The B-Side to Sanity’s demise is of course the need to acknowledge changes in our wants and needs. While it was a joy to finally find that one disc or tape so long yearned for, the pain of separation is no longer necessary. Digital distribution means more people can buy, stream and own more often – no longer at the whim of a timetable, a lift to the shops or even standard store opening hours. Even the music press has found its way to survive, and thrive, in the digital world (ahem!).
There’s no reason to continue to push bricks and mortar, or paper and plastic, just for its own sake. With the loss of the physical shelves is the possibility and accessibility of the digital – a system with fewer overheads and (perhaps) more opportunity for small players to find their feet and their fans. The hard fact about the Sanity method, specifically, is that it seemed very much of a time – a time that perhaps we have grown out of.
Having said this, there are still, thankfully, strong local and independent music stores still open around Australia and the world. Thank you for the annual reminder, Record Store Day – let us never take them for granted. Dropping into Sanity (or its equivalents) used to be just one of many things to do in the day, part of a wall of grey where a nugget of gold could be found. Now indies are an event on their own; seldom part of a big complex, you have to make a point of seeking them out and supporting them.

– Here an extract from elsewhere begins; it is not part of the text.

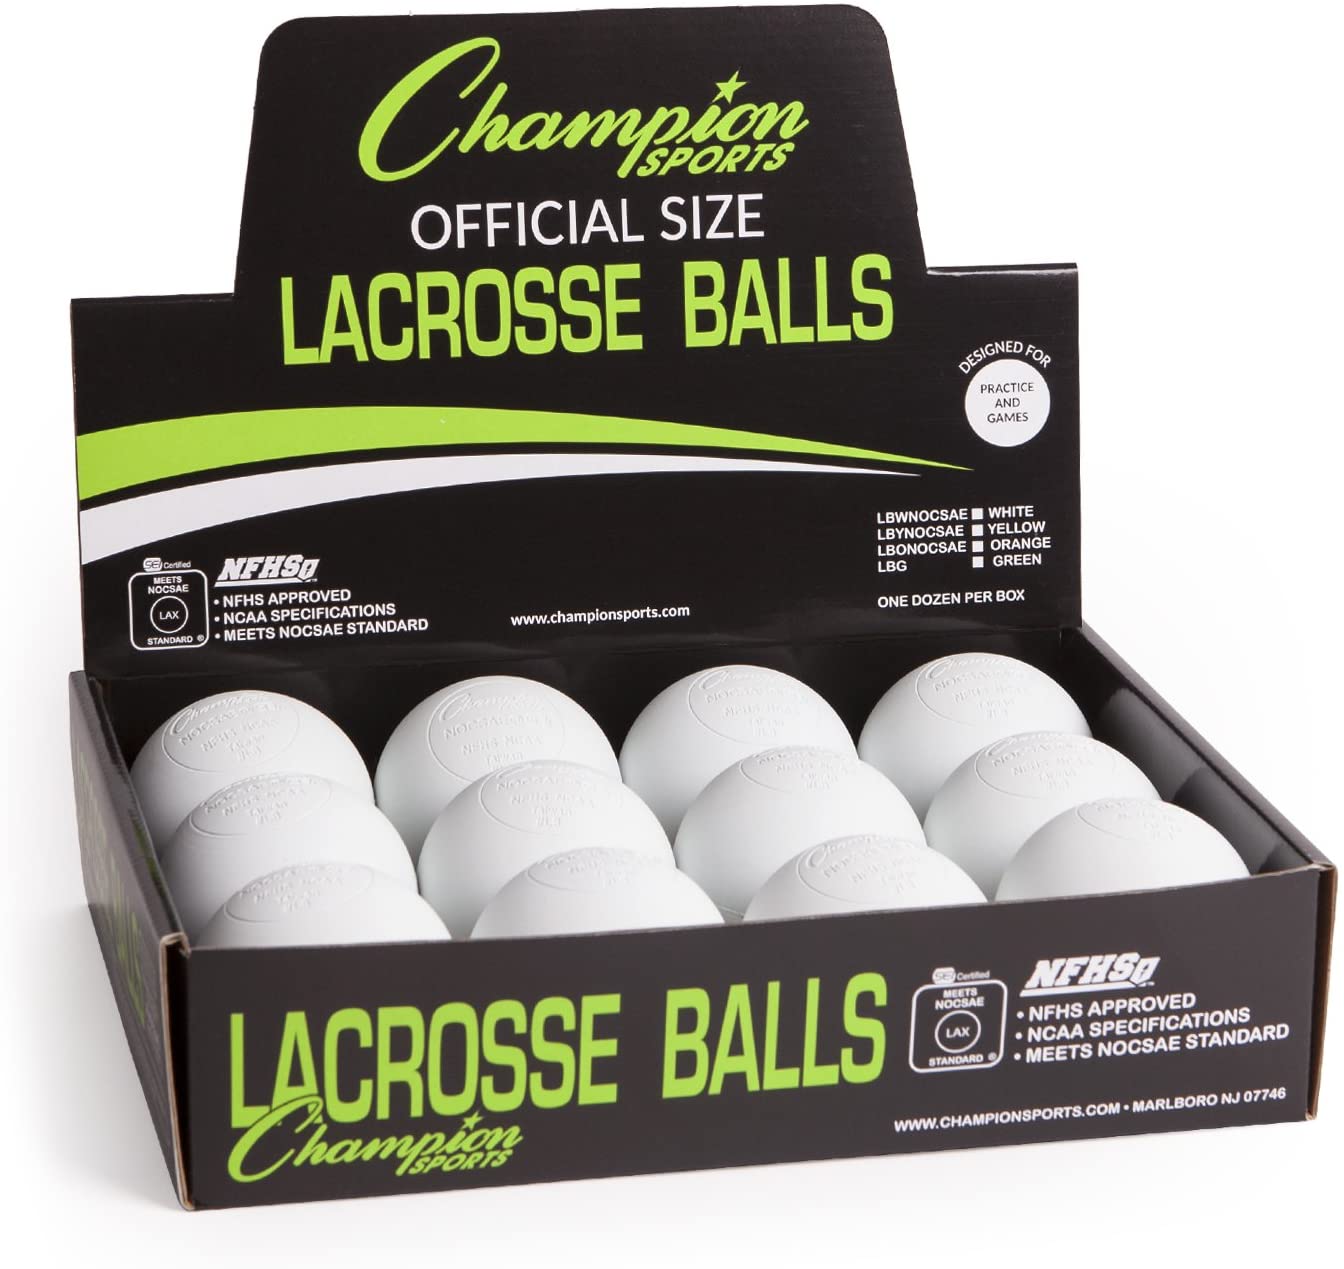 6 2 Champion Sports Official Lacrosse Balls 3 and 12 Multiple Colors in Packs of 1

The indies and big chains have always been at war, though – not just for dollars but for cultural cred. Like that great documentary, High Fidelity, reminded us, there are proper kudos to be had at your local.
In the end, who cares how you love and support your music, as long as you continue to love and support it. Also, let’s hope that the ending of one era opens up space for a new one to emerge. Punk rock into Yacht Rock; Hip Hop to Nu Pop; or whatever is to come next. In the end, all of it is there to keep us sane.